Über das Regime von Assad machen sich die Kurden nach der Jahrzehnte dauernden Unterdrückung keine Illusionen und werden deshalb ihre Selbstverwaltung nicht aufgeben. Der Vorteil der Assad-Regierung besteht andererseits im Zuwachs politischer Unterstützung. Denn militärisch mögen die Kurden Zwerge sein, aber politisch haben sie Gewicht. Sie genießen durch die große Anzahl kurdischer Exilanten viel Sympathie in den westlichen Gesellschaften - anders als das Assad-Regime.
Der türkische Angriff zog also ein Zweckbündnis zwischen Kurden und Assad-Regime nach sich - wenn auch unbeabsichtigt. Aber der Schauplatz Syrien wird nicht nur von den regionalen Akteuren bestimmt. Auch die Großmächte USA und Russland sind militärisch und politisch präsent. Die Kurden genießen bisher militärische Unterstützung der USA, so dass die Erdogan-Regierung sich eigentlich im Konflikt mit Washington befindet. Damit ist die NATO in dem Konflikt nicht handlungsfähig. Ziel der Türkei ist es, die Trump-Regierung von der Unterstützung der Kurden abzubringen. Alle Bündnisbeziehungen stehen für Trump auf dem Prüfstand. Der Einmarsch in Afrin ist ein türkischer Testballon: Wie haltbar ist das US-kurdische Bündnis? Lässt sich dieses nach dem Amtswechsel im Weißen Haus aufbrechen? Ein türkischer Erfolg in Afrin könnte die Bündnisachse Ankara-Washington neu justieren.

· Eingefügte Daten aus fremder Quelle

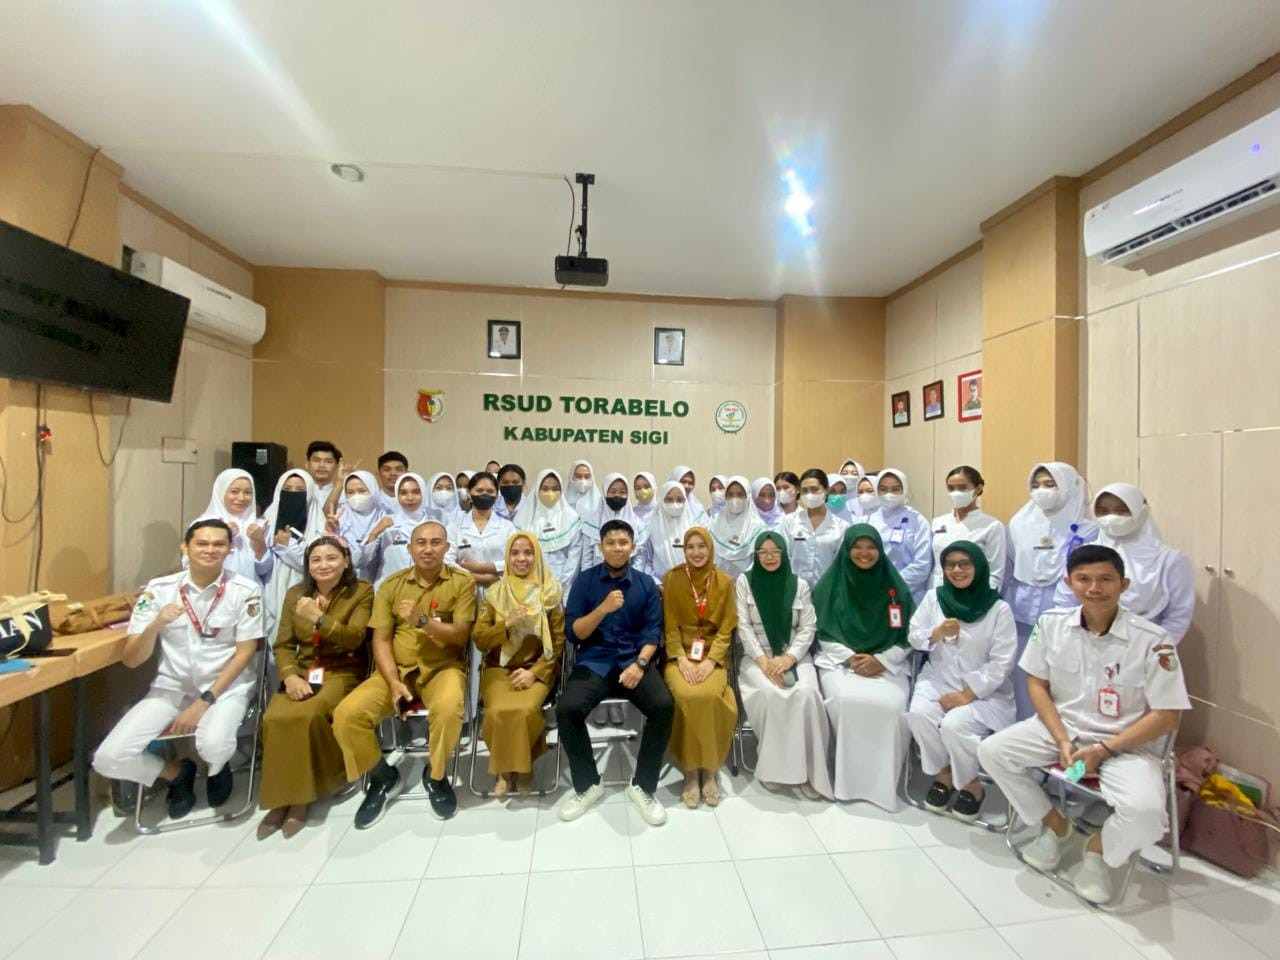 Rumah sakit Tora belo menerima mahasiswa Dari Universitas Widya Nusantara Palu

Welche Rolle spielt Russland? Es hat sich in dem Konflikt inzwischen sehr aktiv eingebracht und stützt das Assad-Regime nach Kräften. Die Kurden sind für Russland weniger wichtig. Aber als Bündnispartner von Assad können sie auf Unterstützung aus Moskau zählen. Hier lässt sich ein weiterer Grund für den kurdischen Schritt Richtung Assad ausmachen. Denn der andere große Player, die USA, sind seit Trumps Machtantritt unberechenbar geworden. Ob sie die Kurden weiter unterstützen ist unsicher. Durch das Bündnis mit Assad begeben sich die Kurden gleichzeitig unter den Schutzschirm Russlands.

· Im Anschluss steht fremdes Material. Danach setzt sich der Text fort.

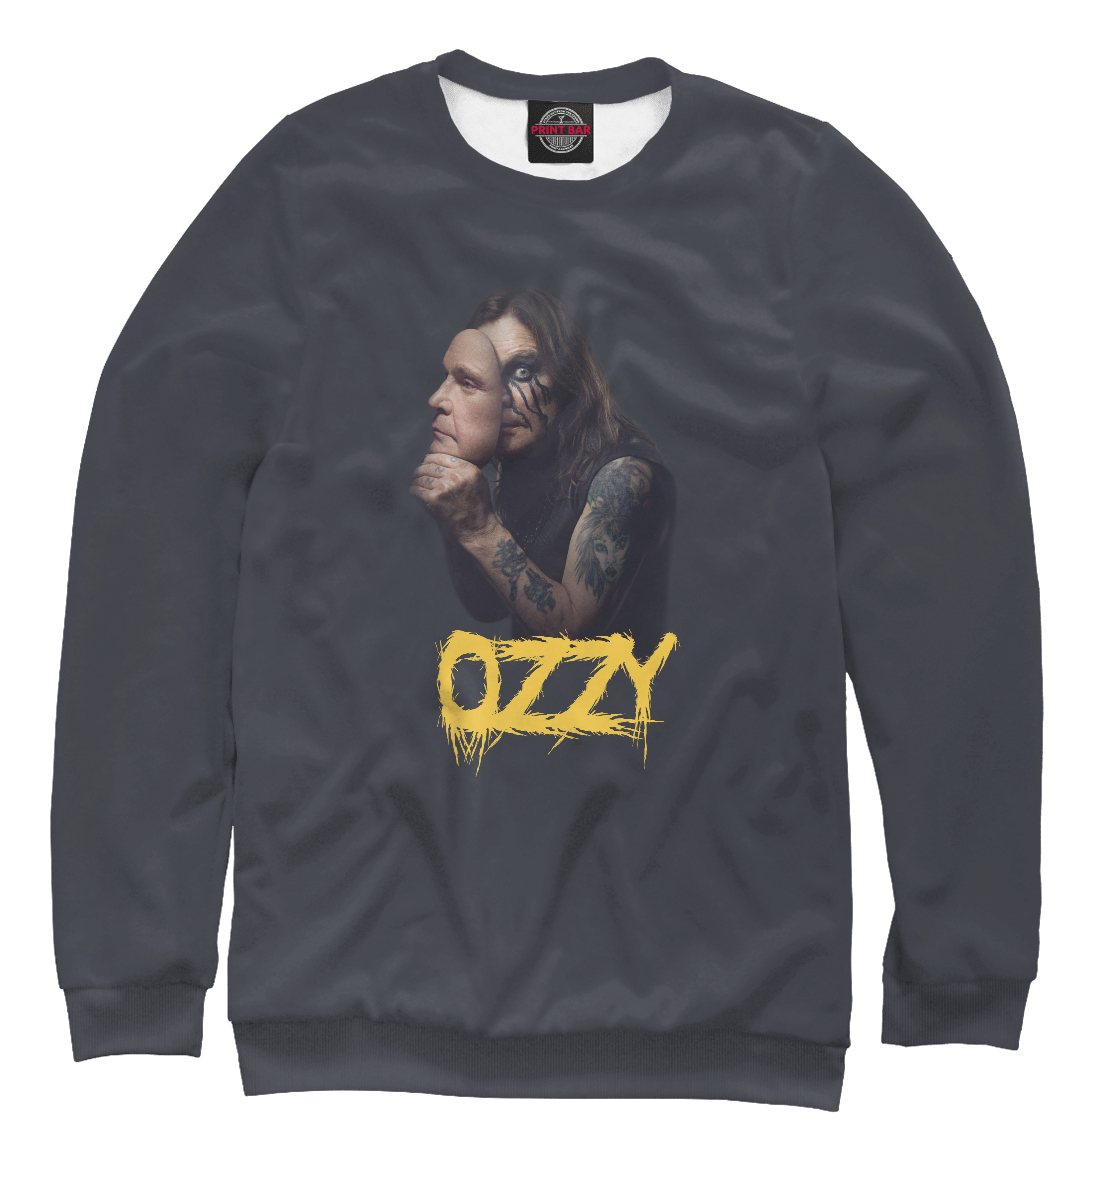 Свитшот Ozzy Osbourne OZO-617570-swi-1

Insofern ist der kurdische Schwenk Richtung Assad realpolitisch nachvollziehbar. Damit stellen die Kurden sich auf die neue weltpolitische Lage ein und versuchen ihr Überleben zu sichern. Sie halten eben nicht alle Trümpfe in der Hand. Was wäre ihre Alternative? Auf Hilfe der Trump-Regierung zu setzen? Doch wie verlässlich wäre diese? Denn könnten die Kurden sich wirklich auf Trump verlassen?
Das Bündnis mit Assad sollte deswegen nicht zum Bruch zwischen Kurden und ihren bisherigen politischen Unterstützern im Westen führen. Diese sollten vielmehr die prekäre Lage der Kurden zur Kenntnis nehmen. Der moralische Zeigefinger hilft da wenig. Wer jetzt den Kurden das Bündnis mit dem Regime Assads vorwirft oder den machtpolitischen Gewinn Russlands beklagt, bleibt leider die Antwort auf die Frage schuldig, wie sich die Kurden denn sonst gegen den mit deutschen Leopard-Panzern geführten türkischen Angriff wehren sollen.
Peinlich wird dieser Vorwurf dann, wenn er von jenen Parteien kommt, die in den letzten Tagen der rot-grünen Bundesregierung die Lieferung eben dieser Panzer an die Türkei abgesegnet hatten.